I recently came into possession of an issue of Newsweek magazine from June 14, 1982. I was attracted to the issue because of the cover story, which hawked the ten year anniversary of the Watergate scandal. The picture on the cover was of Richard Nixon with a sweaty upper lip and downwardly cast eyes, as if he was a nine year old child who had just broken the neighbor's window with his baseball. Of course this was not a look back at what actually happened, but a celebration of the media's accomplishment at having taken down one of their most hated political foes. Even Bill Bradley, editor of the Washington Post during the Watergate scandal, admitted that they created out of whole cloth large swathes of the Watergate narrative for the purpose of making Richard Nixon look worse.
Even though it was the cover story that attracted me to the issue, it was a story on the contemporary economy that really caught my interest. One must remember that at the time of this issue, Ronald Reagan had been president for about a year and half. This economic article was lamenting whether or not Reaganomics would produce an economic recovery. The author of the article doubted that the Reagan tax cuts would produce anything more than a temporary bump in consumer spending. He also spoke disparagingly about the previous month's jobs data that showed 800,000 new jobs were added to the economy, and 10.5 million people were still out of work.
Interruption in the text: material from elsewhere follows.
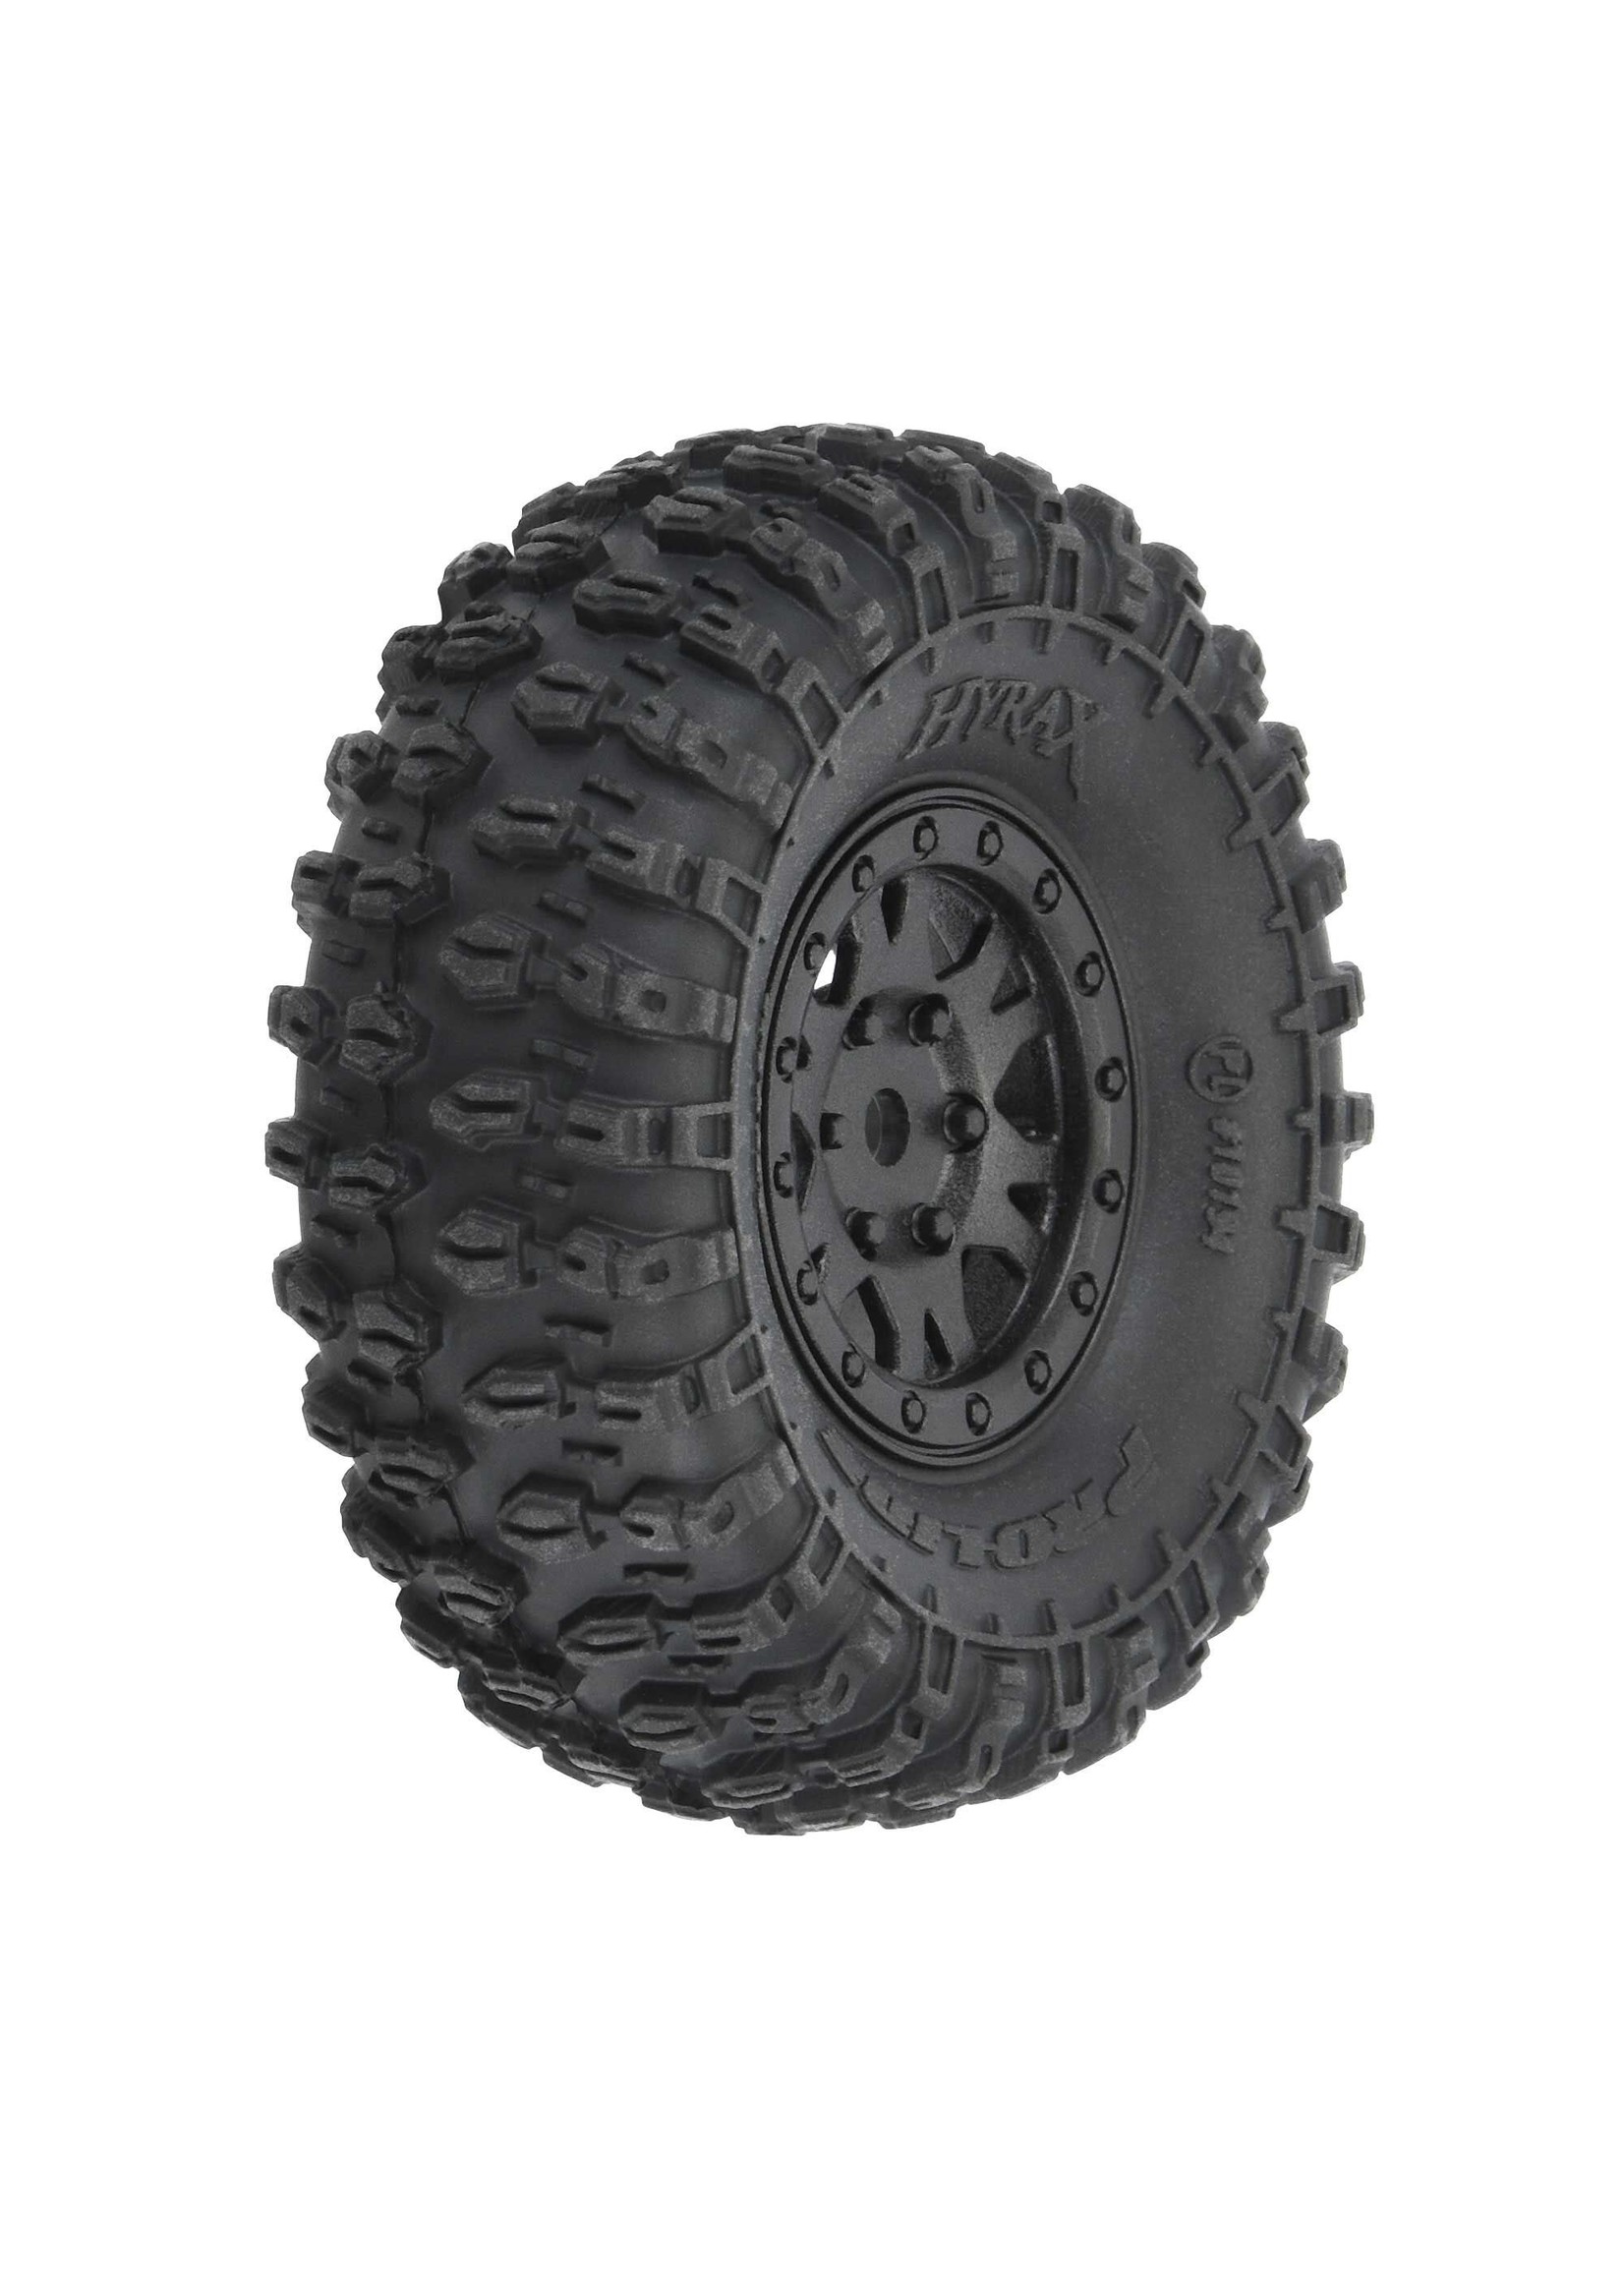 Pro-Line PRO1019410 - 1/24 Hyrax Front/Rear 1.0" Tires Mounted 7mm Black Impulse

During this dragging, slothful, slow-as-molasses Obama economic recovery, the best months have only seen job growth around 200,000, and there are nearly 100 million people without full time work. And yet Newsweek has many times over the last 5 years bragged about the robust recovery that President Obama's policies have produced. The older issue of the magazine in my possession provided a tangible record of the dichotomy that I already knew existed in the media.
Another gem from the old Newsweek article on the economy was the statement that the unemployment rate was hovering at 9.5 percent. A number which kept decreasing during the Reagan recovery, supported by explosive job growth and a Gross Domestic Product that was advancing by 5-7 percent a quarter, not the 2 percent we now have. Additionally, if the unemployment rate was calculated today using the same formula as in the 1980s, our current rate would be closer to 13 percent, not the fantasy of 6.3 percent.
One of the first acts of the Obama administration was to change the unemployment calculation to cut out millions of unemployed, thereby giving the illusion of growth. In a nut shell that is the difference between the Reagan recovery and the Obama recovery, the former was constructed of nuts and bolts results, the latter has been mostly smoke and mirrors.